In my last blog post I mentioned briefly some of the industries that use EPS foam. One I did not mention was the surfing industry. Surfboard technology has changed like crazy over the past millennia; starting with its humble beginnings in ancient Hawaii where surfboards would range from 10-16 feet and be made out of Ula, Willi Willi or Koa trees. Today surfboards come in all shapes and sizes and are constructed of very different materials. They usually consist of three parts; the core, the shell and material to bond the two together. Cores are commonly made out of Polyurethane (PU), Polystyrene (PS) and increasingly, our friend, Expanded Polystyrene (EPS) foam. Shapers, or the people who shape surfboards are generally fond of PU cores because of the materials compact nature and their ability to shape it. EPS cores on the other hand are very rarely hand shaped because of the materials brittle nature. They are instead manufactured by pumping the foam into predefined molds. Next the boards are covered in fiberglass and then coated with resin or epoxy based on the cores material type. Knowing which resin or epoxy to use based on the type of foam core your board has is of the utmost importance and I learned this fact hard way.
As an avid surfer living in Hawaii, I get out in the water a lot, with this territory comes the inevitability that you will break, ding, buckle or crack your surfboards. Recently, I found a buckle, or crease, on my long board; strapped for cash and feeling in the DIY spirit I thought I would fix it myself. I thought by doing this I would learn some lifelong skills and save quite a bit of money. I WAS WRONG, VERY WRONG! The buckle was not deep and the internet informed me all I would have to do is cut out the fiberglass section above the buckle, fill it with resin or a mixture of resin and some filling agent and then finish by applying 1 or 2 sheets of fiberglass over the top. Sounds simple enough right?

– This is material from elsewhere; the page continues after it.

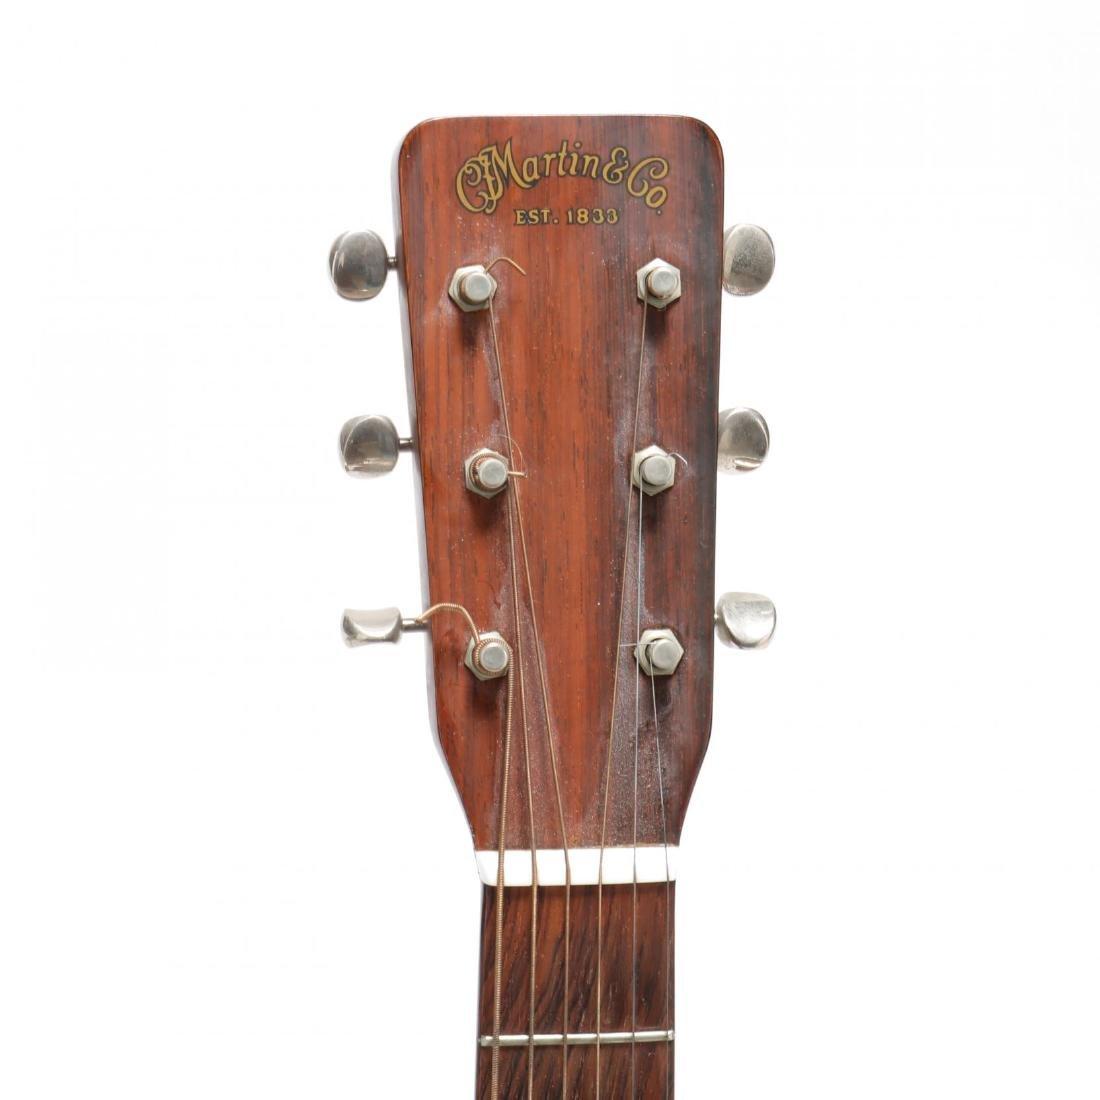 1967 Martin O-18 Flat Top Guitar - 2

I found all the material I would need at the hardware store and preceded to "fix" my board. First, I successfully cut out the glass using a razor blade. Next, I mixed the resin with filler and poured it into my surfboard's open wound, making sure the resin was as smooth as the glass around it. The resin I used was UV activated so I brought it into the sun to let it harden. 2 minutes into this process I realized something was going wrong, instead of hardening the material was, I thought, being absorbed. 5 minutes go by and the resin is eating away the EPS foam core of my board. 10 minutes and nearly half the foam I started with was gone, PANIC! In 15 minutes I went from having a minor issues with my surfboard to having a severely damaged and very unusable surfboard.
So what did I learn? First never trust the Internet! While the directions I followed were the correct procedure for fixing a PU surfboard, there was no mention of core type. I later learned that polyester resin generates a lot of heat while it is setting. EPS cannot stand up to this heat and melts on contact. The correct material I should have been using was epoxy. Epoxy is generates less heat when setting is the only material to be used when fixing an EPS board. Maybe my next surfboard will have a mycelium core?!